RECORDED INFORMATION:
-- Opening Marker --
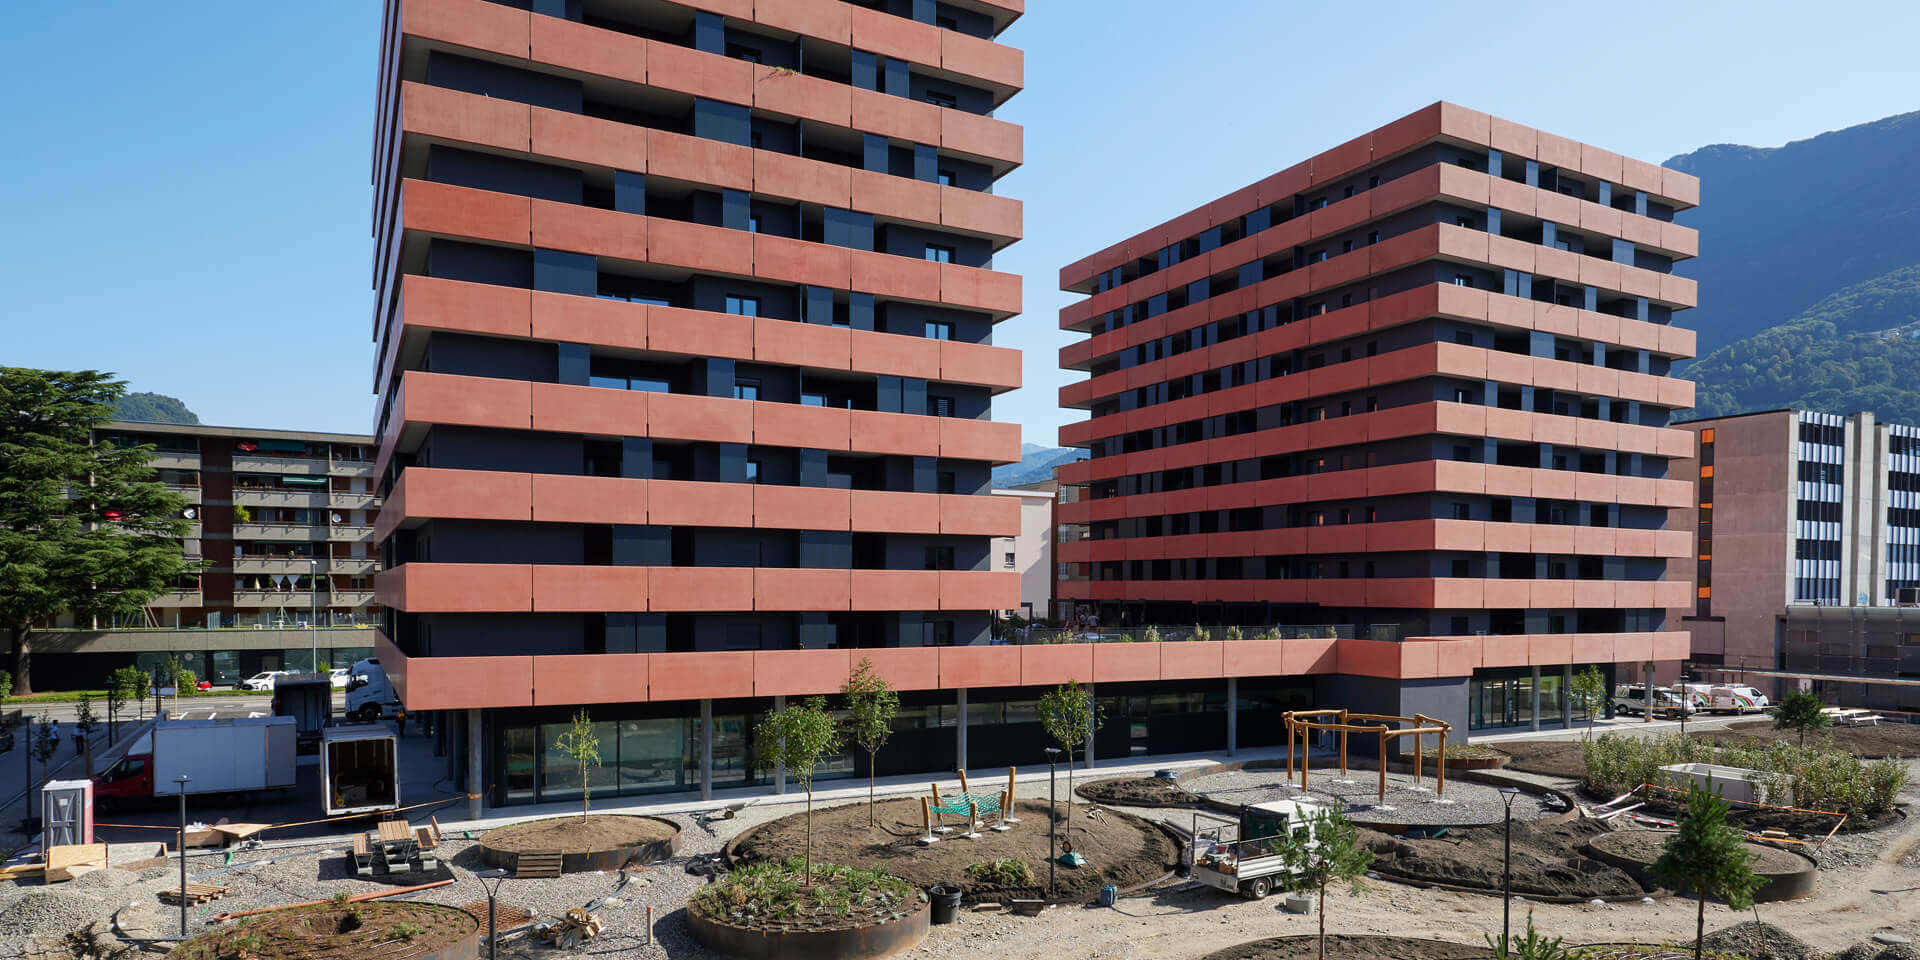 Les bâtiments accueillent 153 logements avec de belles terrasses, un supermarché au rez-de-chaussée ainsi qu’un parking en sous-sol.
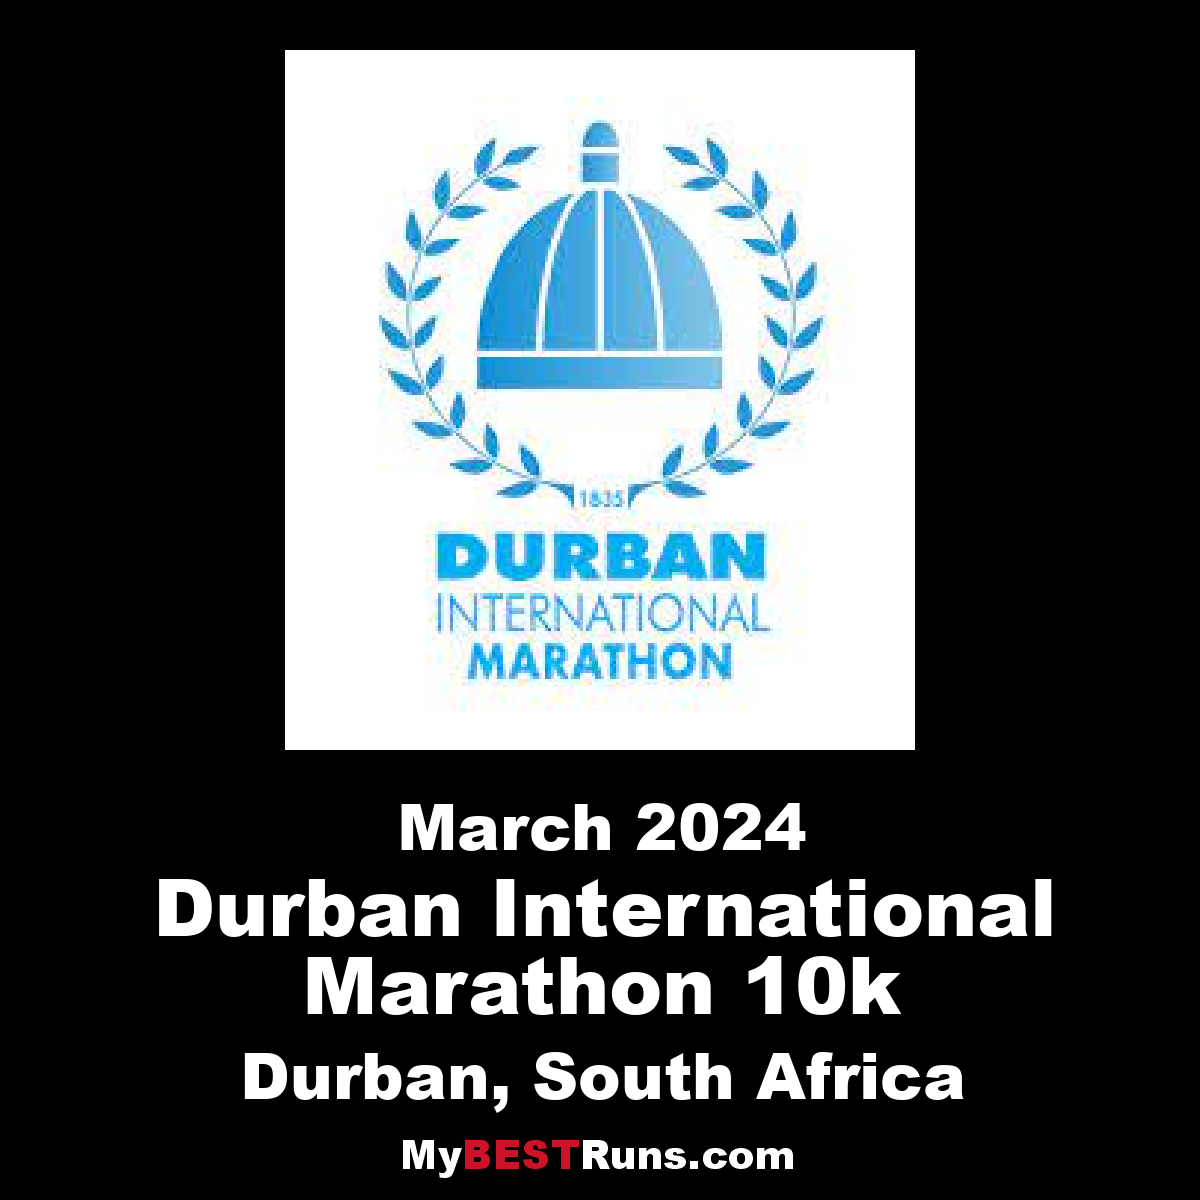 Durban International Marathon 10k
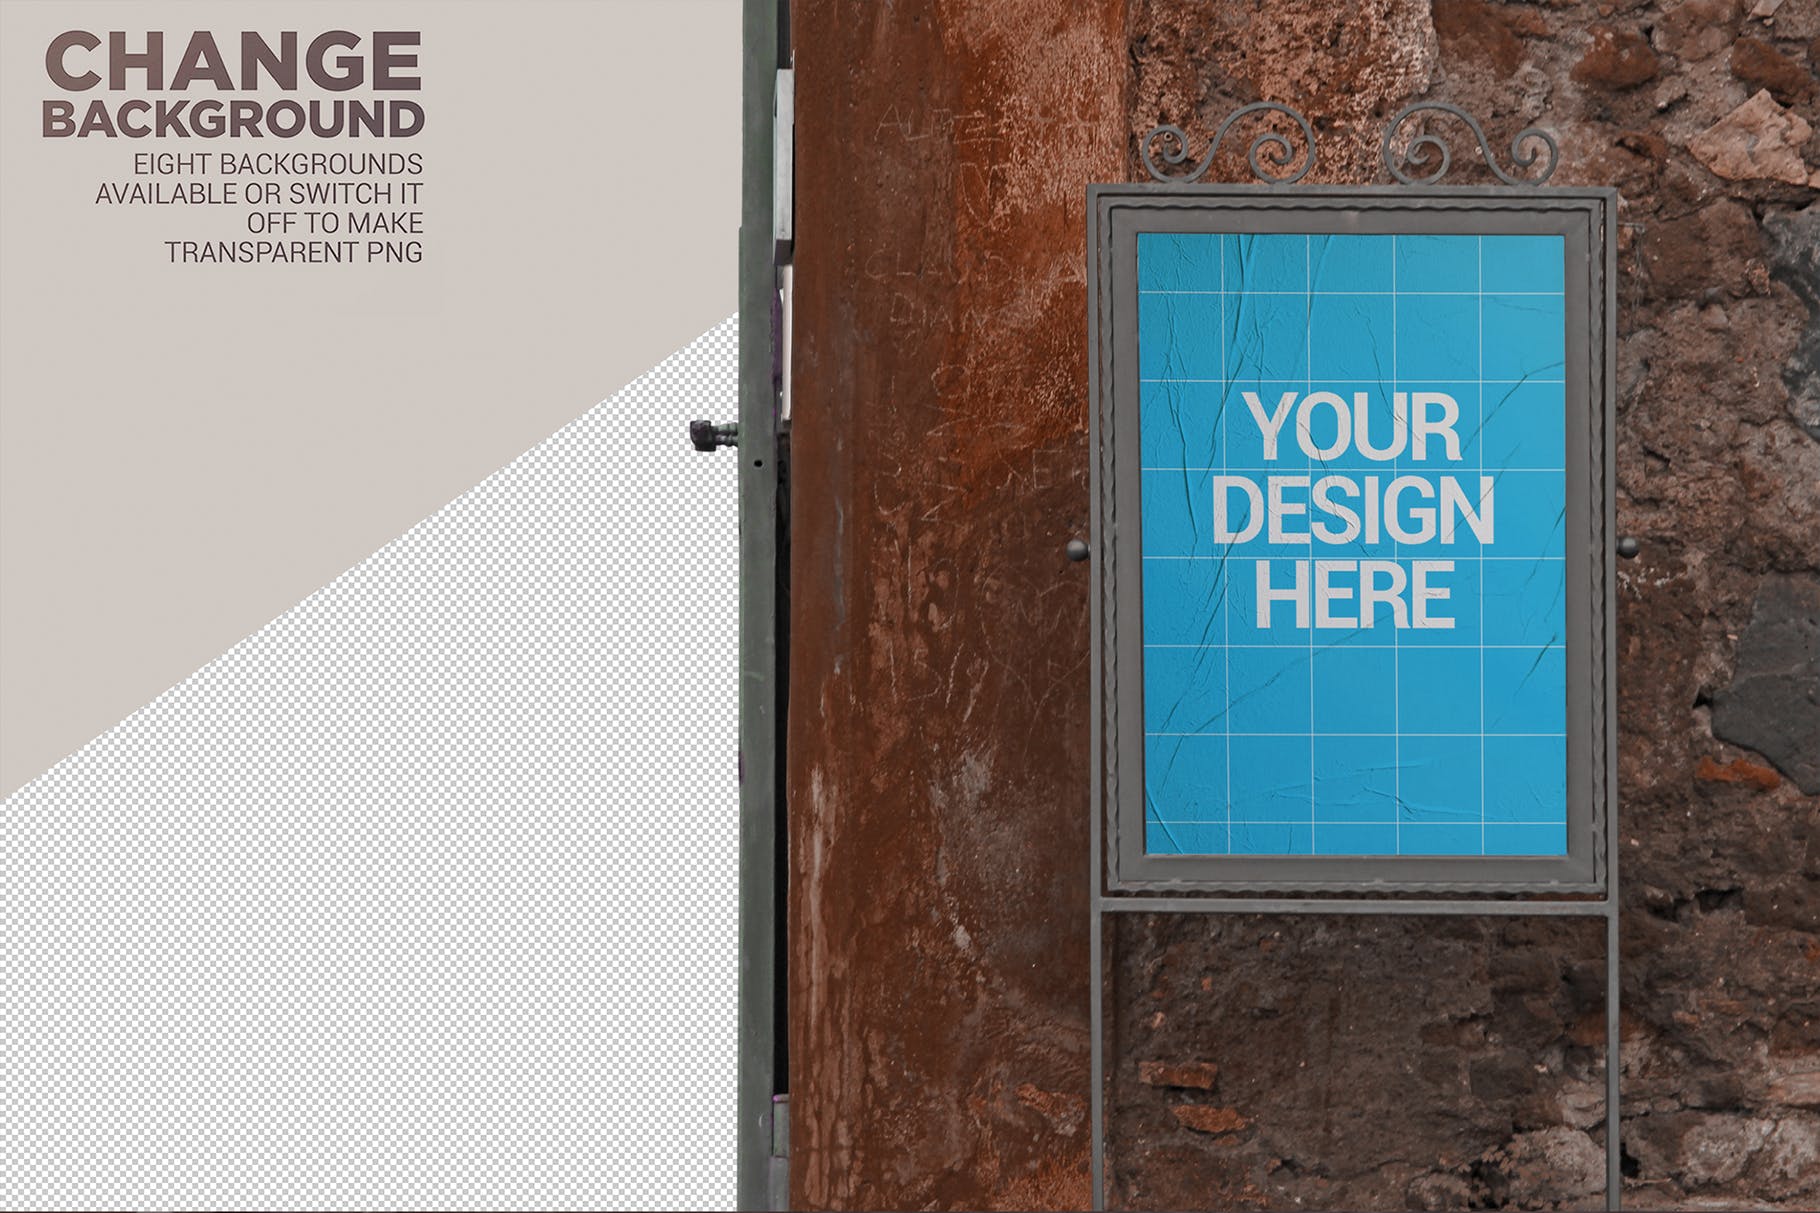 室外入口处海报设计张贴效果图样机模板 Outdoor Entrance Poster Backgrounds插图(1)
-- Closing Marker --
INSTRUCTIONS FOR THE TASK: Leave out every picture and copy verbatim the lines running from the line containing "Durban International Marathon 10k" through the final line of the data.

SOLUTION:
 Durban International Marathon 10k
 室外入口处海报设计张贴效果图样机模板 Outdoor Entrance Poster Backgrounds插图(1)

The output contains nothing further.